Poetism Commentary: “I Am Not Your Random Abuse”

The poem in question: I Am Not Your Random Abuse

This is the second poem I wrote when I (arguably) should have been paying attention in my HEPE 129 class at BYU.  As with I’m Not Sorry, written a few days before, the theme is someone who has escaped a bad relationship.  “Random Abuse” definitely seems more forceful to me, though.

It’s written from the perspective of someone who is the victim of constant gaslighting, though I don’t think I had ever heard that term back then.  (Thanks, exit from the LDS church, for teaching me!)  Narcissism also seems play a prominent role in the other party’s actions.

The title is an homage to the They Might Be Giants song “I Am Not Your Broom,” and the TMBG influence can be heavily felt in the meter and rhyming.  However, today when I read this poem, I think if it were a song it would sound something like R.E.M.’s “Mystery to Me.”  The words themselves are almost rambling in nature, and I particularly like the slant rhyme of “something” and “dumpling.”

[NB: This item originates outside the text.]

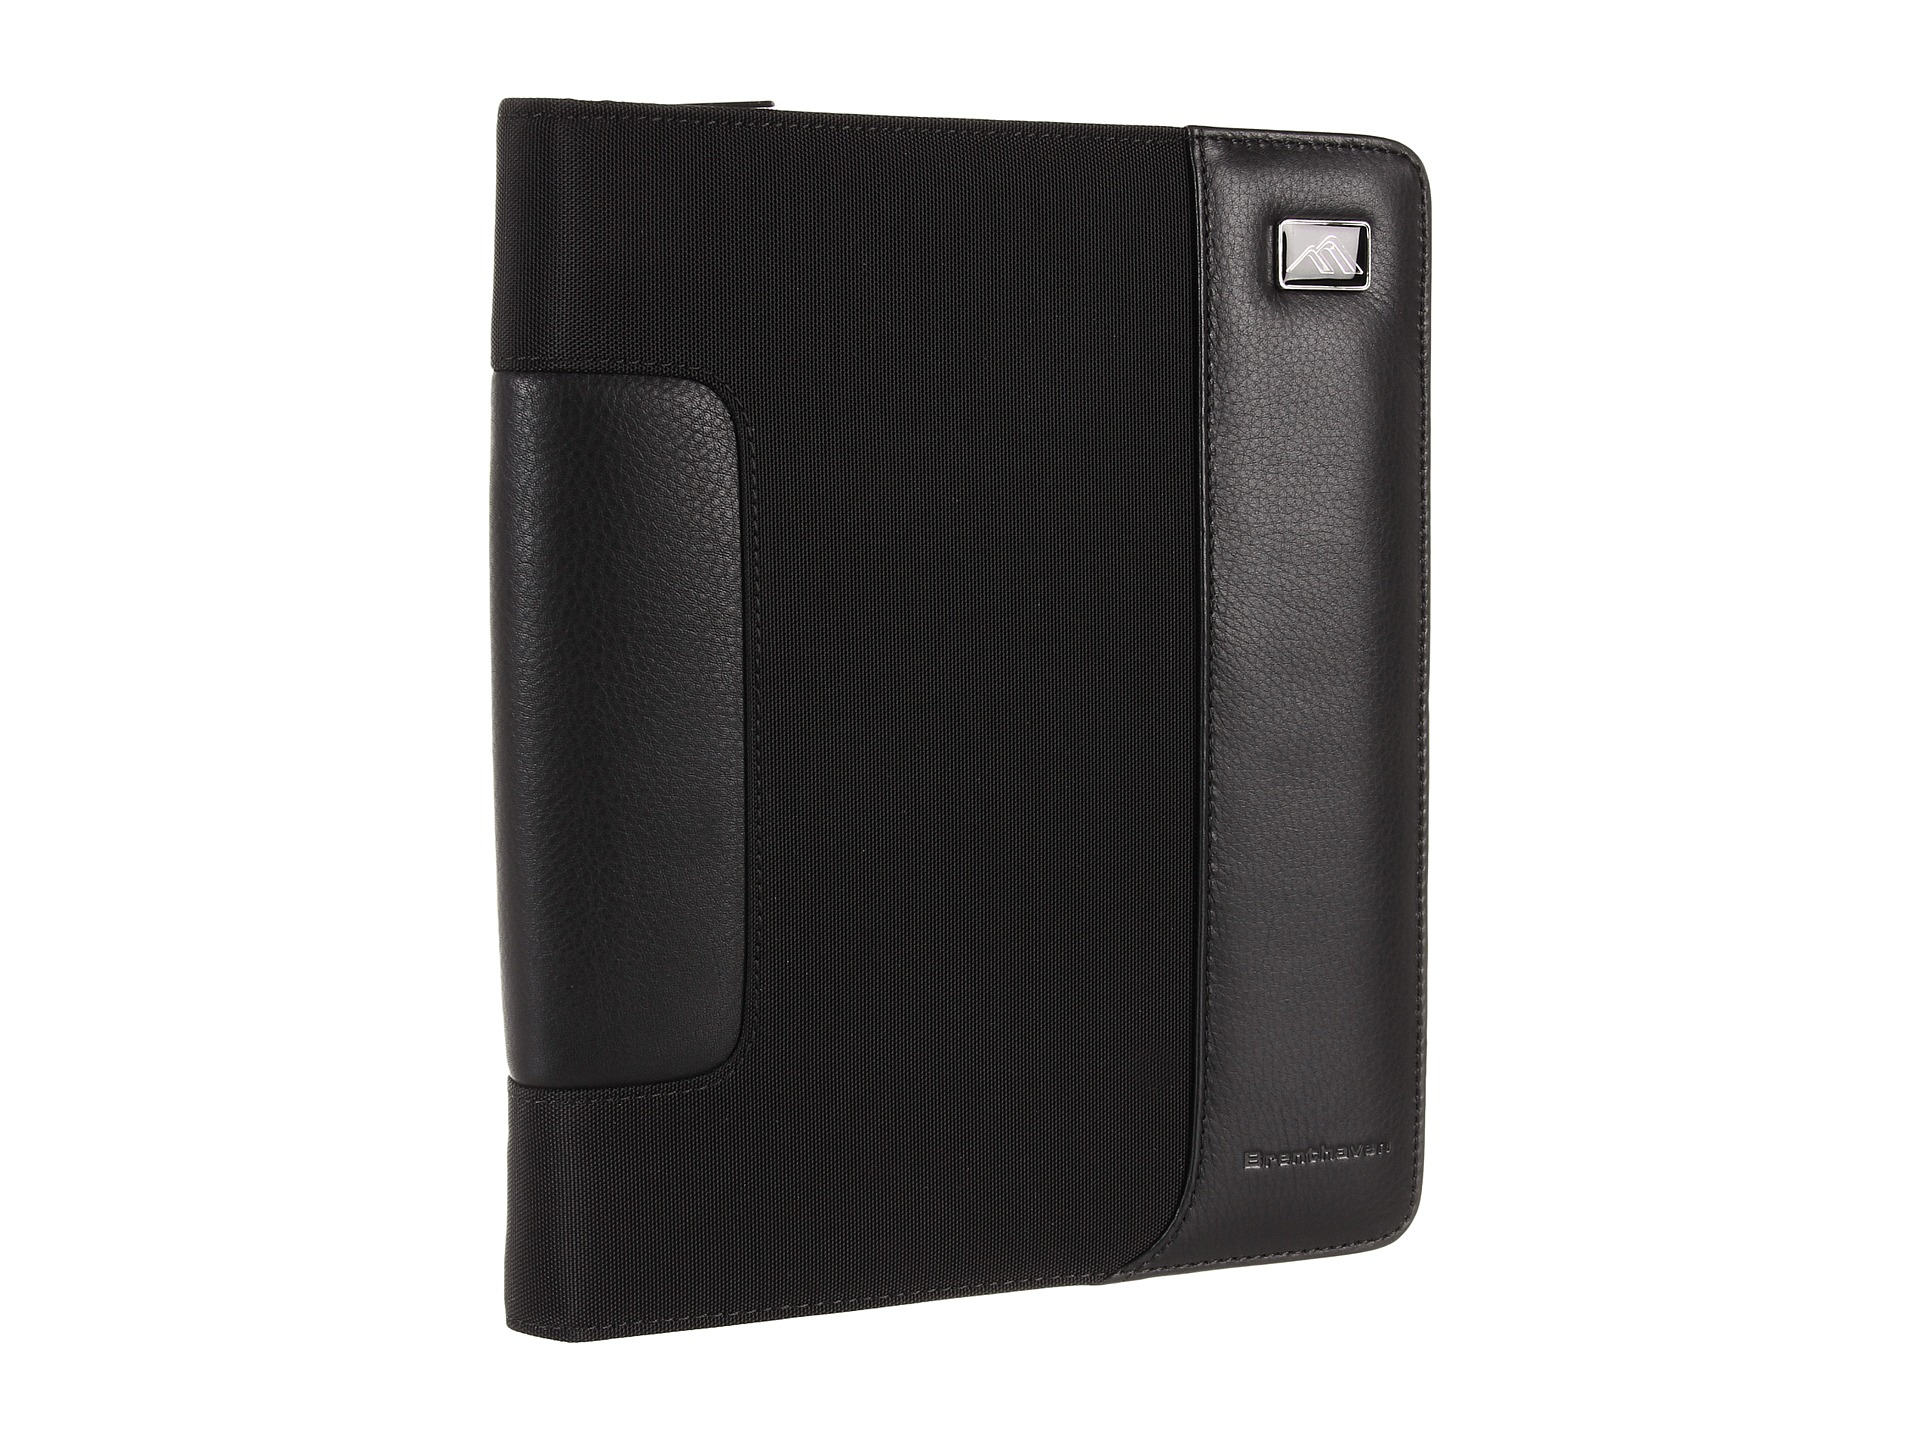 Brenthaven Broadmore Tech Pack Tablet Case Black
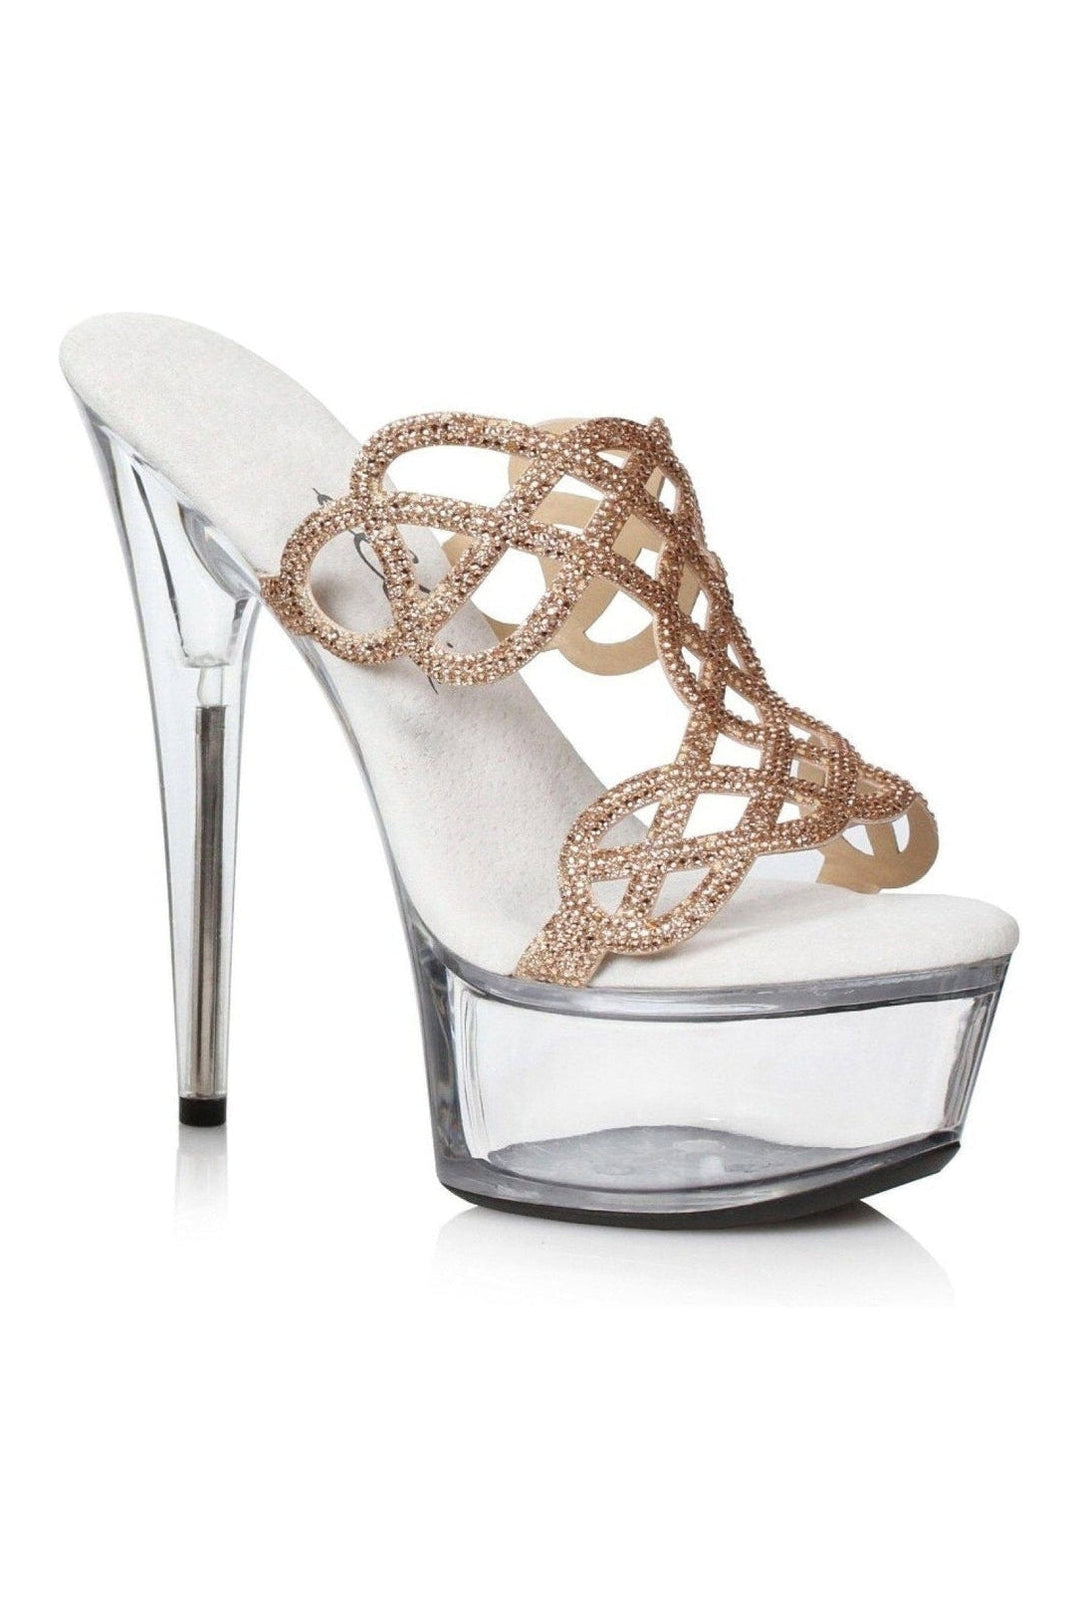 Ellie Shoes Gold Slides Platform Stripper Shoes | Buy at Sexyshoes.com

As evidenced by the image below, the final version went through a fair amount of revision before being deemed “suitable” for publication.  It looks like the only portion that made it unscathed from the initial draft was the final stanza / “chorus.”  One other interesting tidbit is that the two lines before that final stanza were initially part of the web-published version, as my collective printout includes them:

Too bad the soda’s never there when you need it most
If a bottle broke it’s neck on you you might wake up someday

I find those lines at once disturbingly dark (domestic violence innuendo, anyone?) and hilarious: never would 18-year-old me dream of a beer bottle.  It would of course be soda.

The numbers in the margin of the handwritten text indicate the number of syllables per line.  I count those often, but this is the only instance I can find of writing them down.  And finally, here is my attempted transcription of the original text:

I am not your random abuse

You can’t blame me for what’s happened you did to yourself
If you’re distraught it’s not even close to my fault
You run around screaming and that’s why I got out
Your path was destruction never come to a halt
You looked in the mirror and thought I looked back at you
I guess now you’re so far gone that there’s no getting back
Unless of course you finally [unsure] take to heart what I said to you before
You’ve got no real chance to get back on the right track

But you’ve never listened to me before
So why should you bother to start now?
Why would you unstop your ears
You’ve tried so hard to unlearn how
You think that myself did this to yourself
And I tell yourself [unsure] deduce
That fact remains despite your flat rejection: what you may say
I am not your random abuse

You [unsure] out at me from behind bars you put there
Cry so hard that I almost feel sorry for something
But then I remember that you said somehow it’s my fault
And since it ain’t it you’re just all out of luck, my little dumpling
You are not mine, I am not yours
What does it take before you understand what I say?
Too bad the soda’s taken, guzzled years before never there when you need it most
If a bottle broke its neck on you you might wake up someday

It seems to me your brain’s impaired
Or maybe just a little loose
Whatever’s messed inside your head
I am not your random abuse

The final version is definitely more… refined, but the original quick rambling has its share of charm.  Especially

Too bad the soda’s taken, guzzled years before

I mean, if that isn’t golden verse, I don’t now what is.  (Just kidding, I do.)